While 2013 was a relatively weak class of quarterbacks, Carr chose to come back to school for his senior season and work through some of the flaws in his game. With a solid season he could work his way back towards the top of quarterback rankings and become Fresno State's all-time leading passer.
What he does well
Carr is the prototypical size for an NFL quarterback, standing tall in the pocket with a nice release point. He throws the ball with enough velocity and has the arm strength to make throws to all areas of the field. On multiple occasions during the 2012 season, Carr showed the ability to put touch on his deep passes and enough accuracy and touch to make back shoulder throws down near the goal line.
At Carr's size, his athleticism is impressive. He's comfortable scrambling out of the pocket and making plays on the run. Carr is big enough to take some punishment in the running game and would seem to have the skill set to play some read option in the NFL if asked to do so, though he would be a bit limited in this area. Carr is also an accurate passer when scrambling out of the pocket.
While Carr doesn't excel under pressure, he is able to make throws from a variety of platforms and arm angles. He's a natural when throwing the football and has the arm strength to make up for some mechanical flaws.

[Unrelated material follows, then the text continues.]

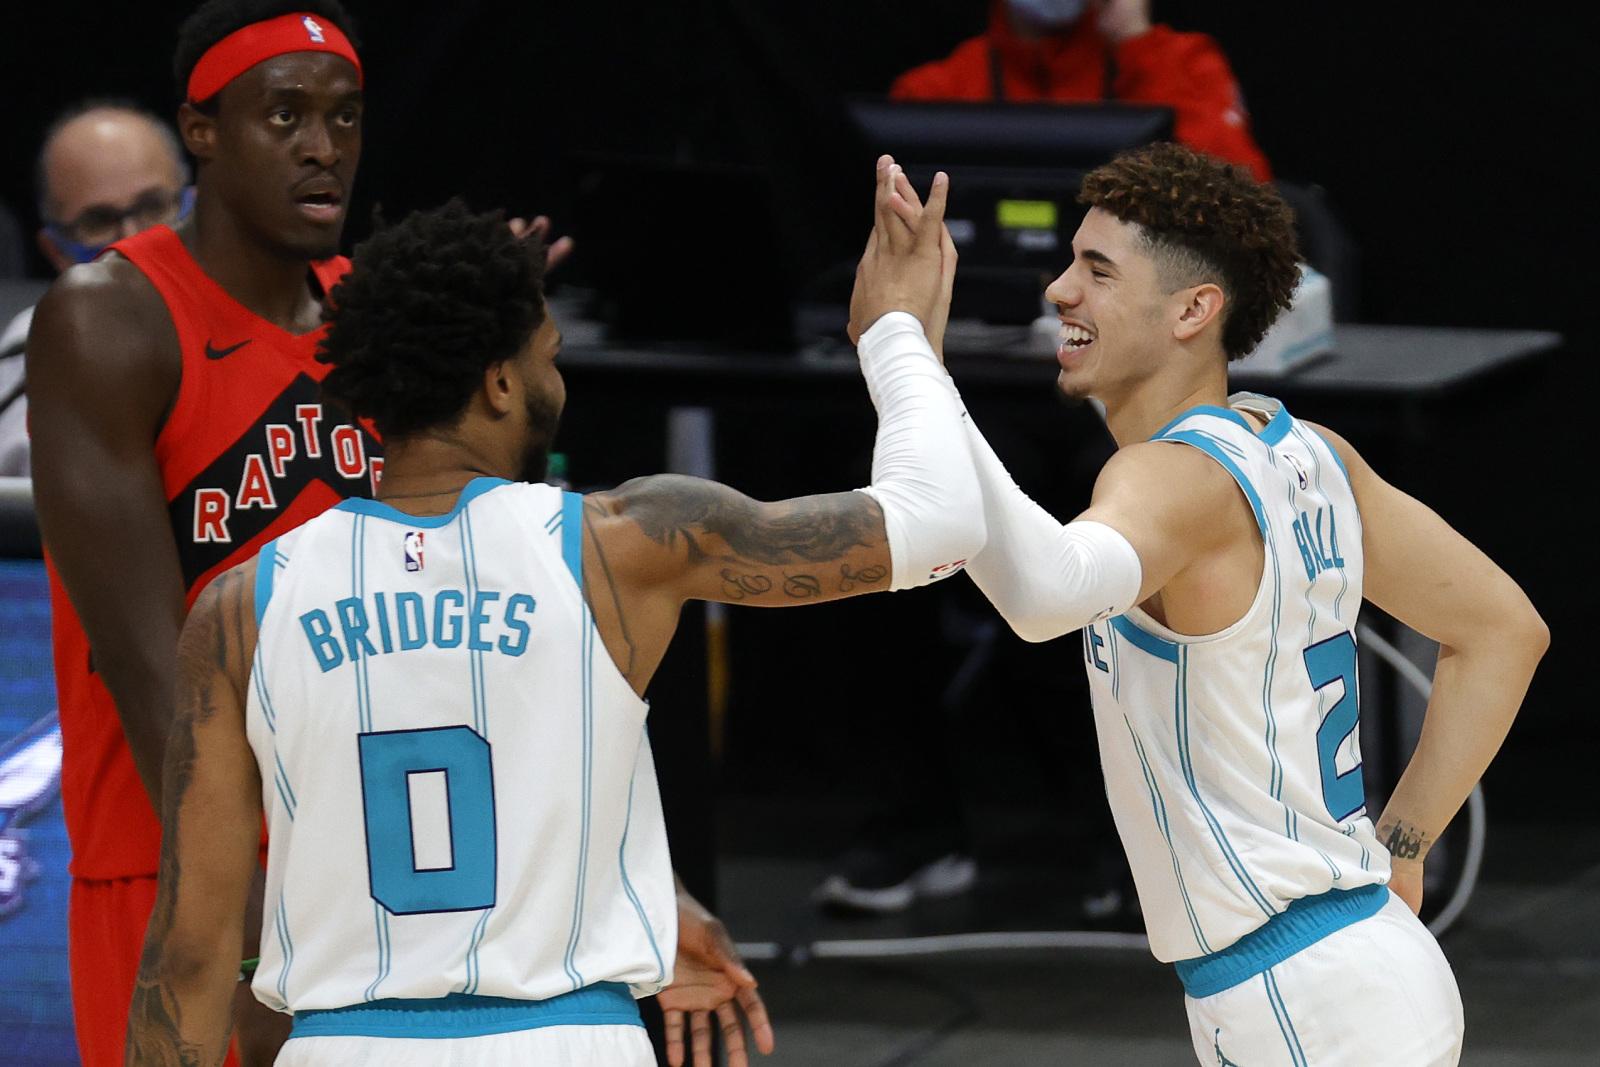 Key Takeaways From The Charlotte Hornets Loss Vs Raptors

What he needs to improve on
While Carr is willing to stand tall in a clean pocket, a lot of things go wrong for him when he is pressured. For starters, Carr doesn't recognize the blitz pre snap and tends to have breakdowns in his mechanics when the pocket isn't clean. Rather than stepping up into the pocket, Carr has a tendency to throw the ball of his back foot while fading away from the rush. He is also guilty of not stepping towards his targets in these instances and his accuracy suffers as a result.
Carr may improve on his ability to handle pressure if he gets more comfortable going through his reads. On most plays, Carr makes a single read and then drops his eyes to look at the rush. He also stares down his receivers too often and throws the ball into crowded areas of the field. He didn't throw a ton of interceptions last season but had quite a few dropped.
Carr is an impressive arm talent with the size and athleticism to be a successful NFL quarterback. The concerns with Carr are all between the ears. He needs to learn how to progress through his reads and keep his eyes downfield in the face of pressure. Given the mechanical breakdowns that occur when he's faced with pressure, Carr won't have a bright NFL future unless he improves that area of his game. In fact, if he continues with those habits, his career could continue to resemble that of his brother, which isn't the ideal path for a quarterback.